**Exercise brief**
Return the data below unchanged. Drop any pictures.

**Data below**
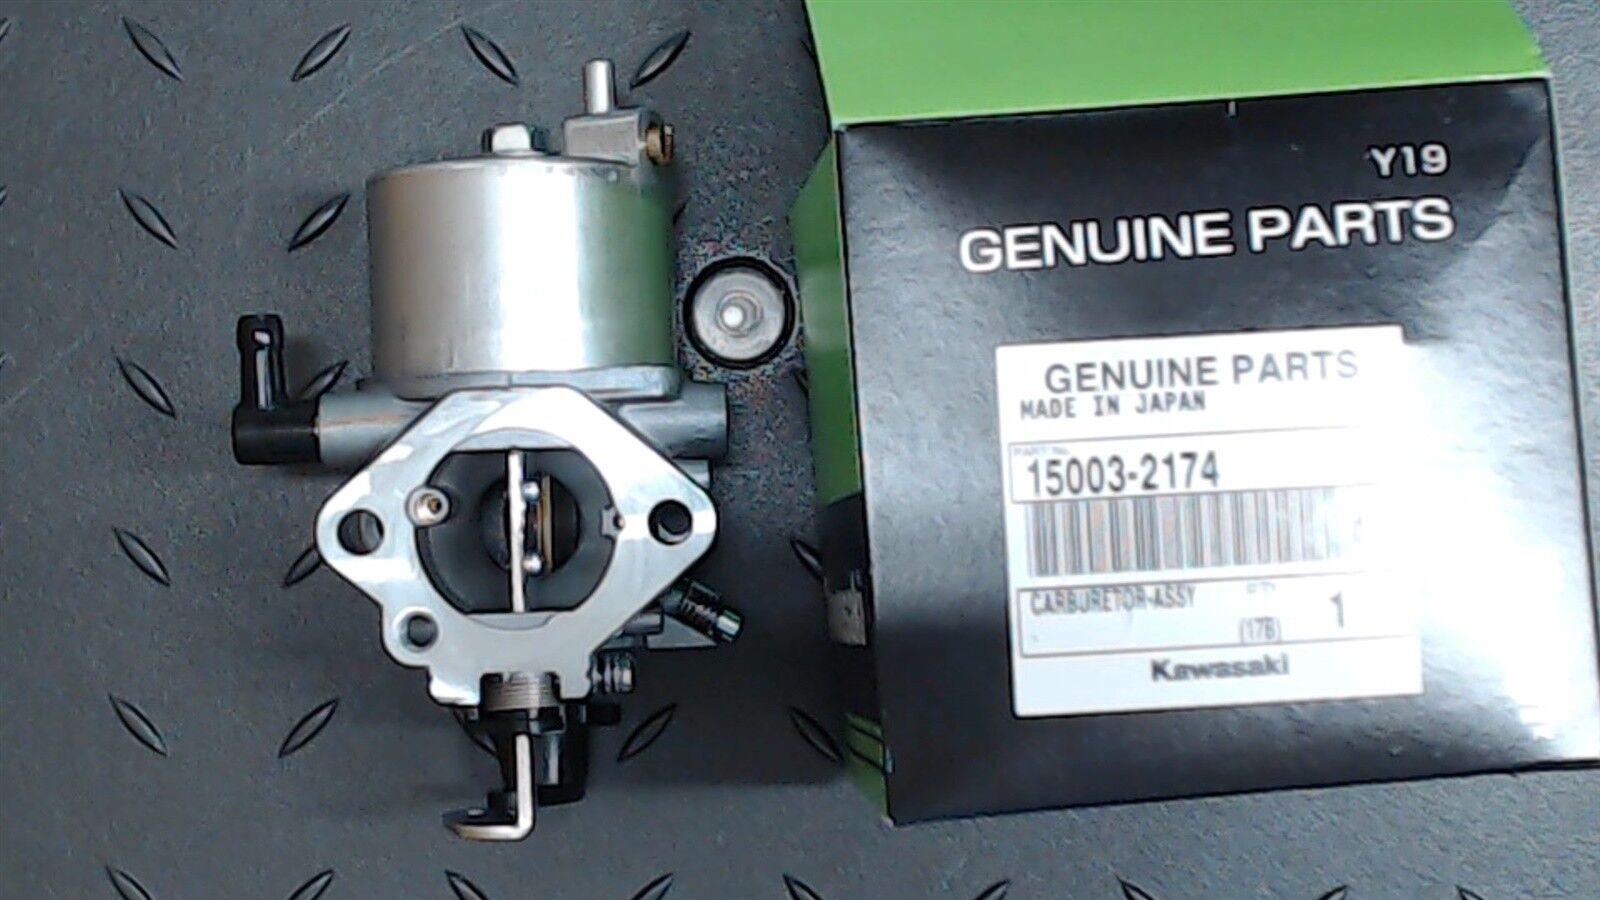 Genuine Oem Kawasaki Cocheburador-ASSY 15003-2150 15003-2174
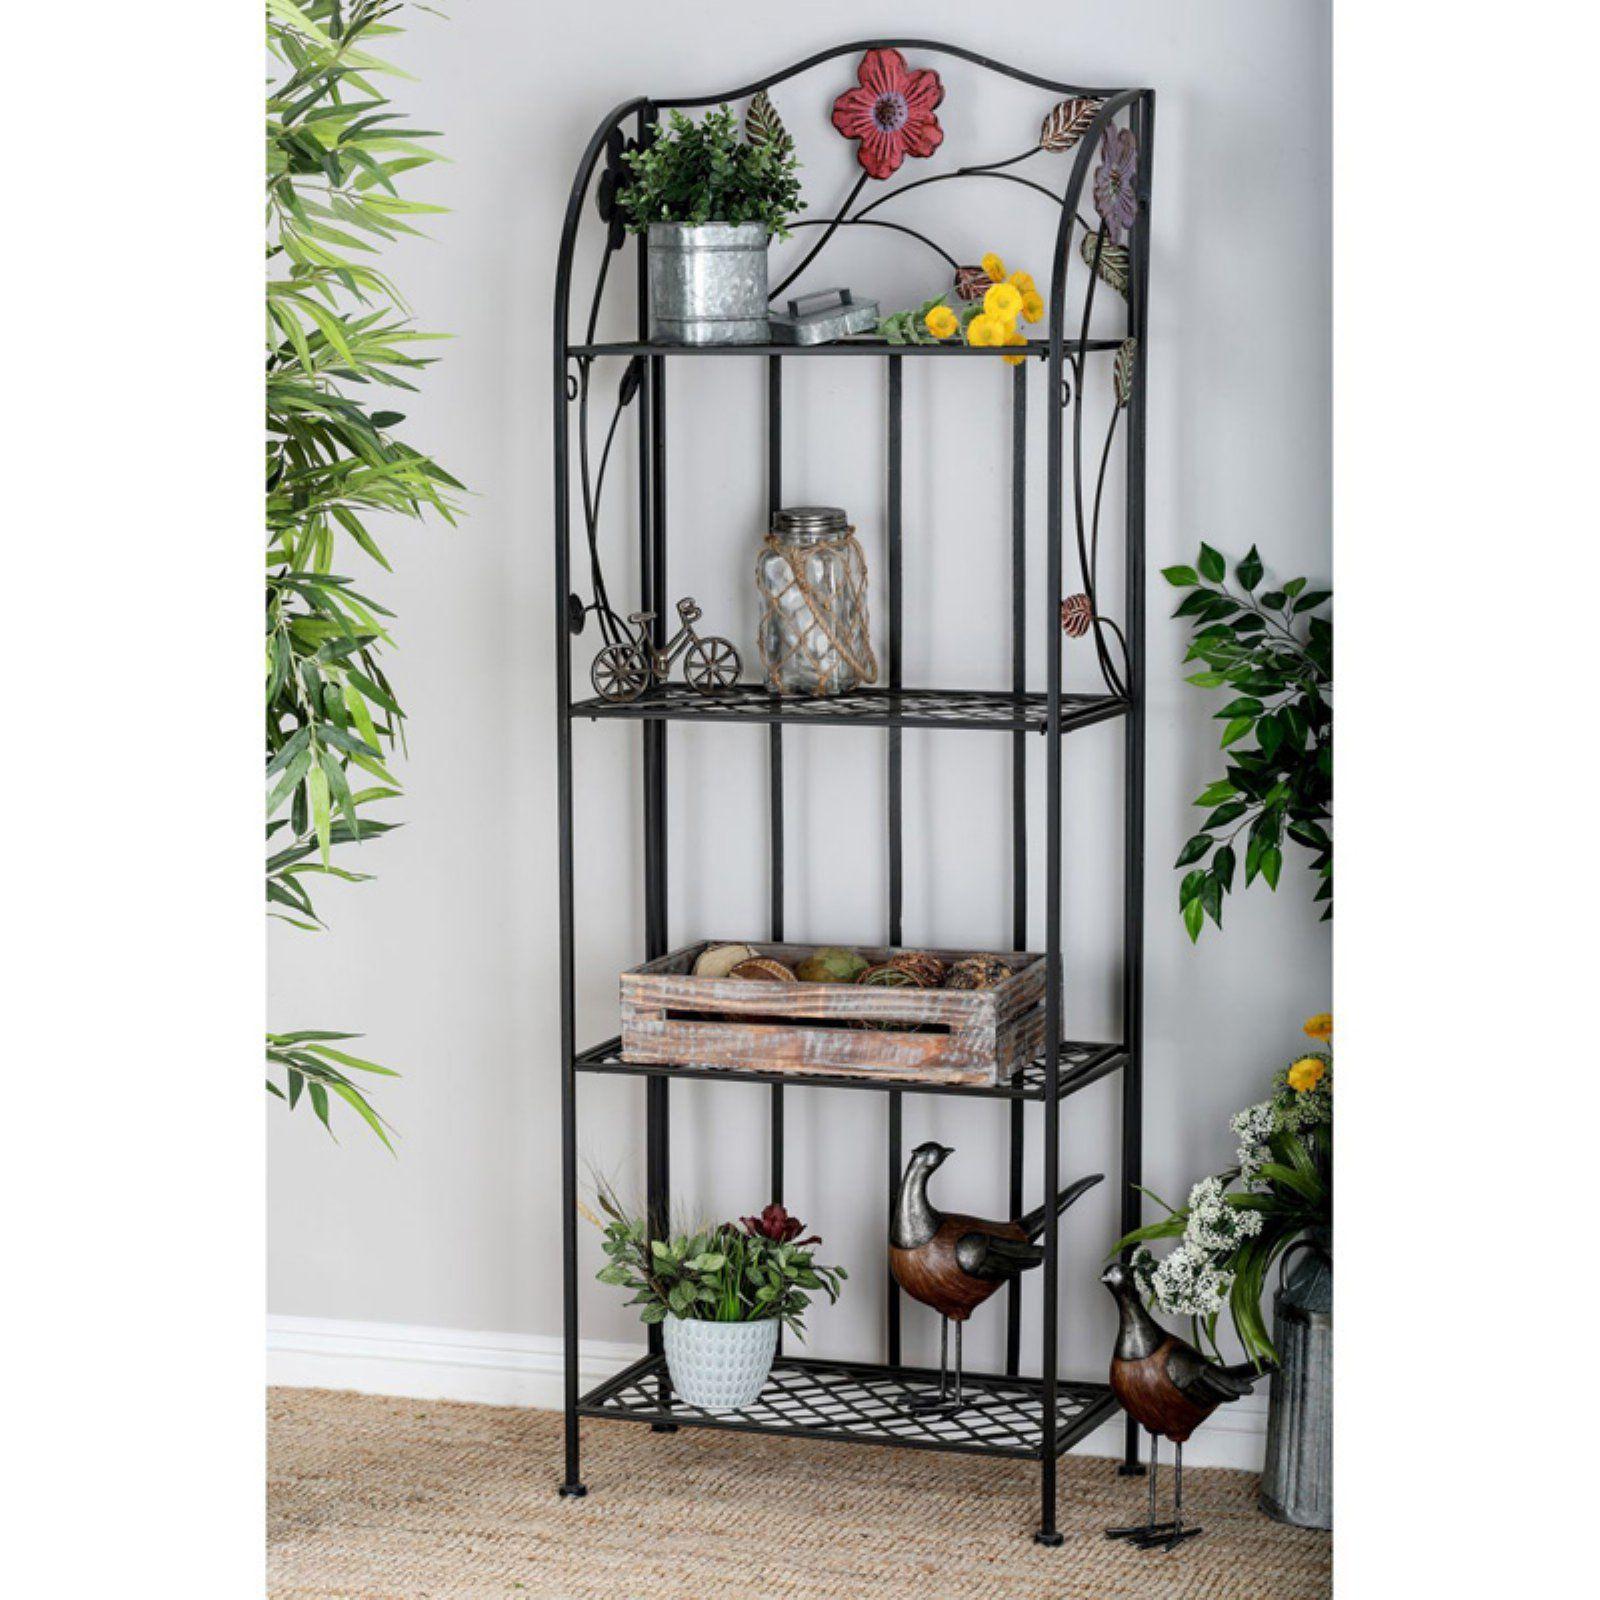 Decmode 4 Shelf Bakers Rack Floral Lifestyle Furniture
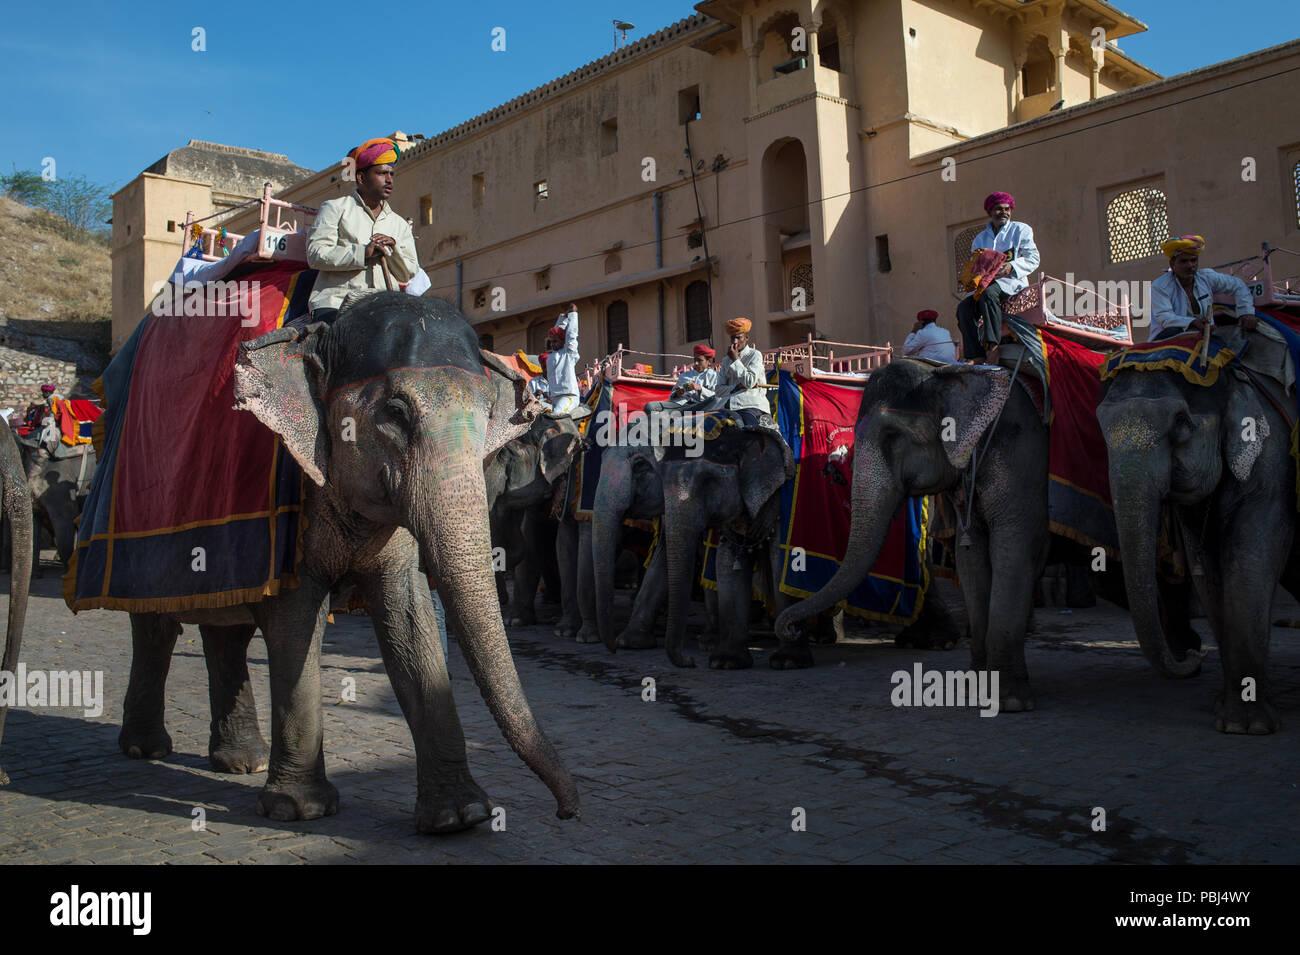 Amber Fort, Jaipur, Rajasthan, India, Asia. - Stock Image

**Exercise result**
 Genuine Oem Kawasaki Cocheburador-ASSY 15003-2150 15003-2174
 Decmode 4 Shelf Bakers Rack Floral Lifestyle Furniture
 Amber Fort, Jaipur, Rajasthan, India, Asia. - Stock Image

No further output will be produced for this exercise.